[GH-ISSUE #1124] Bug: Tasks generally need to be able to handle snapshots being deleted by the UI mid-run #2214

Closed
opened 2026-03-01 17:57:20 +03:00 by kerem · 1 comment
Owner

Originally created by @pirate on GitHub (Mar 18, 2023).
Original GitHub issue: https://github.com/ArchiveBox/ArchiveBox/issues/1124

Many archivebox tasks (e.g. update, add, etc.) fail mid-run if Snaphsots are deleted from the UI while archivebox is iterating over them.

We should do a pass over the codebase and find all the for Snaphot.objects... loops and add try:/except: within them to handle the case where the snapshot dissapears because it was deleted by another process.
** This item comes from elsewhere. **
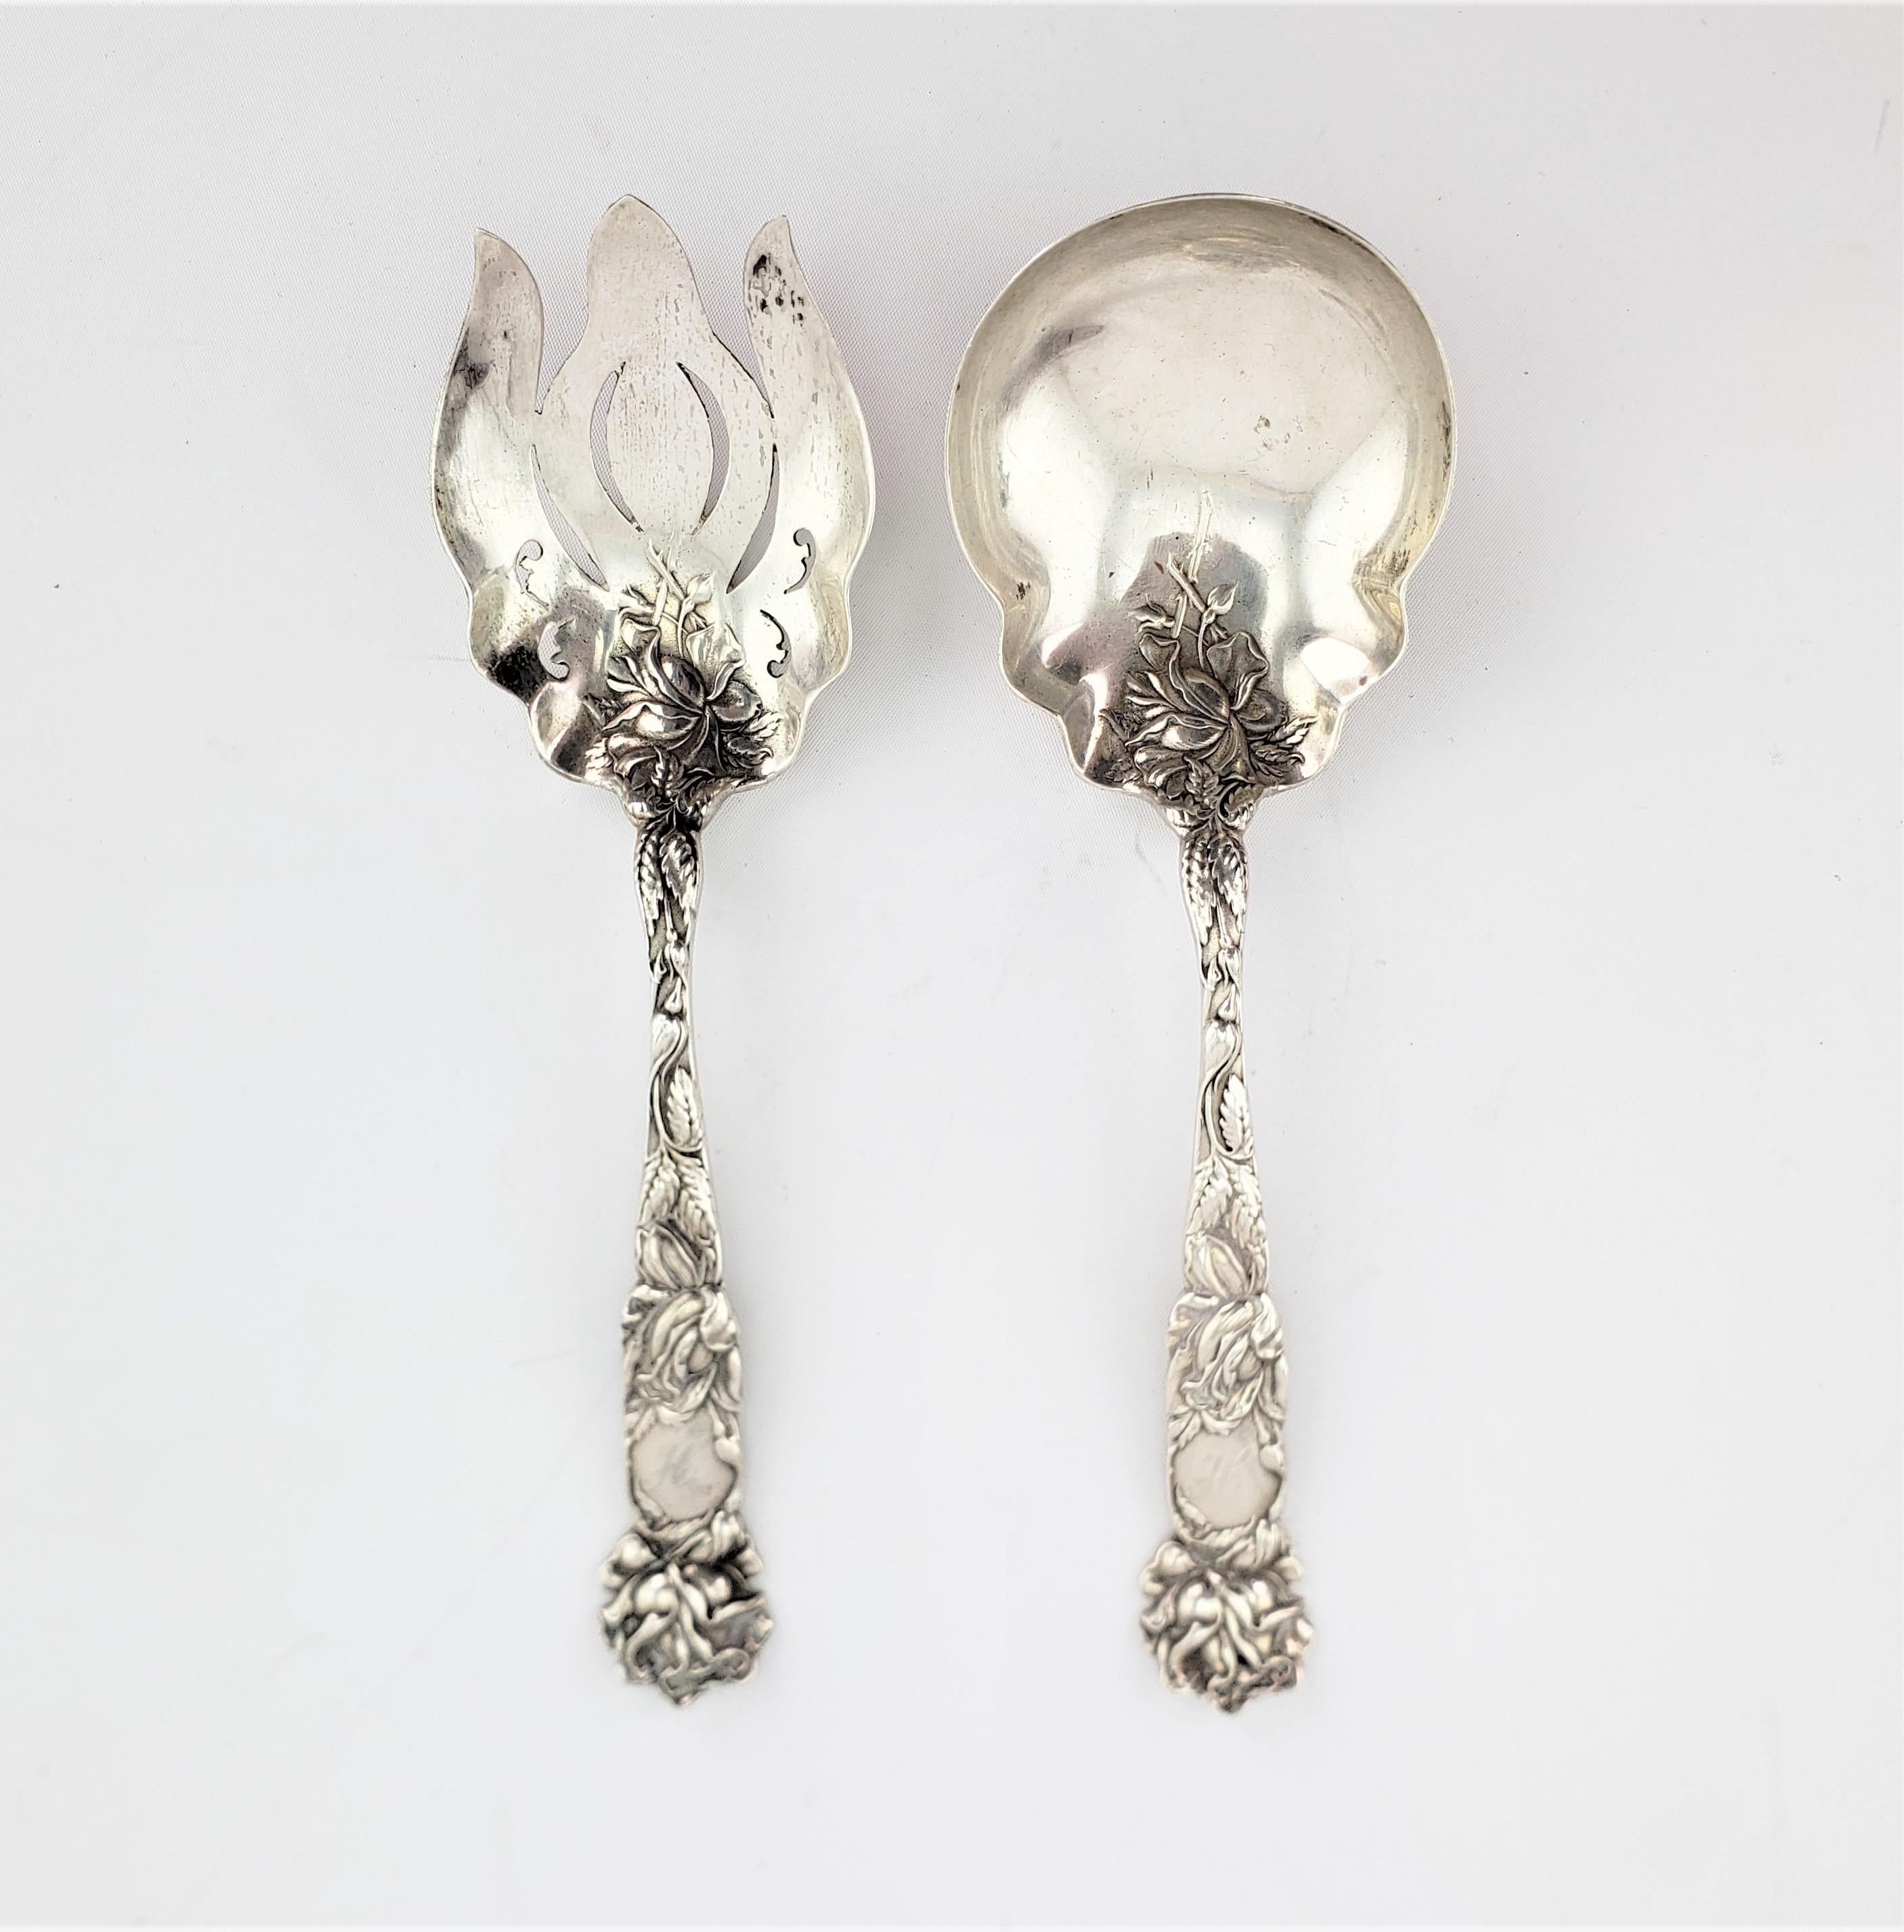 This set of antique sterling silver serving spoons are unsigned, but presumed to have been made in the United States in approximately 1890 in the period Art Nouveau style. The handles are decorated with flowers and leaves done in high relief which

root@kiwi /o/archivebox.un# docker-compose run archivebox update --index-only
Creating archiveboxun_archivebox_run ... done
find: '/.config/chromium/Crash Reports/pending/': No such file or directory
[i] [2023-03-18 06:07:27] ArchiveBox v0.6.3: archivebox update --index-only
    > /data

find: '/.config/chromium/Crash Reports/pending/': No such file or directory
Traceback (most recent call last):
  File "/usr/local/bin/archivebox", line 33, in <module>
    sys.exit(load_entry_point('archivebox', 'console_scripts', 'archivebox')())
             ^^^^^^^^^^^^^^^^^^^^^^^^^^^^^^^^^^^^^^^^^^^^^^^^^^^^^^^^^^^^^^^^^
  File "/app/archivebox/cli/__init__.py", line 140, in main
    run_subcommand(
  File "/app/archivebox/cli/__init__.py", line 80, in run_subcommand
    module.main(args=subcommand_args, stdin=stdin, pwd=pwd)    # type: ignore
    ^^^^^^^^^^^^^^^^^^^^^^^^^^^^^^^^^^^^^^^^^^^^^^^^^^^^^^^
  File "/app/archivebox/cli/archivebox_update.py", line 119, in main
    update(
  File "/app/archivebox/util.py", line 114, in typechecked_function
    return func(*args, **kwargs)
           ^^^^^^^^^^^^^^^^^^^^^
  File "/app/archivebox/main.py", line 797, in update
    write_link_details(link, out_dir=out_dir, skip_sql_index=True)
  File "/app/archivebox/util.py", line 114, in typechecked_function
    return func(*args, **kwargs)
           ^^^^^^^^^^^^^^^^^^^^^
  File "/app/archivebox/index/__init__.py", line 335, in write_link_details
    write_json_link_details(link, out_dir=out_dir)
  File "/app/archivebox/util.py", line 114, in typechecked_function
    return func(*args, **kwargs)
           ^^^^^^^^^^^^^^^^^^^^^
  File "/app/archivebox/index/json.py", line 99, in write_json_link_details
    atomic_write(str(path), link._asdict(extended=True))
                            ^^^^^^^^^^^^^^^^^^^^^^^^^^^
  File "/app/archivebox/index/schema.py", line 193, in _asdict
    'snapshot_id': self.snapshot_id,
                   ^^^^^^^^^^^^^^^^
  File "/usr/local/lib/python3.11/site-packages/django/utils/functional.py", line 48, in __get__
    res = instance.__dict__[self.name] = self.func(instance)
                                         ^^^^^^^^^^^^^^^^^^^
  File "/app/archivebox/index/schema.py", line 265, in snapshot_id
    return str(Snapshot.objects.only('id').get(url=self.url).id)
               ^^^^^^^^^^^^^^^^^^^^^^^^^^^^^^^^^^^^^^^^^^^^^
  File "/usr/local/lib/python3.11/site-packages/django/db/models/query.py", line 429, in get
    raise self.model.DoesNotExist(
core.models.Snapshot.DoesNotExist: Snapshot matching query does not exist.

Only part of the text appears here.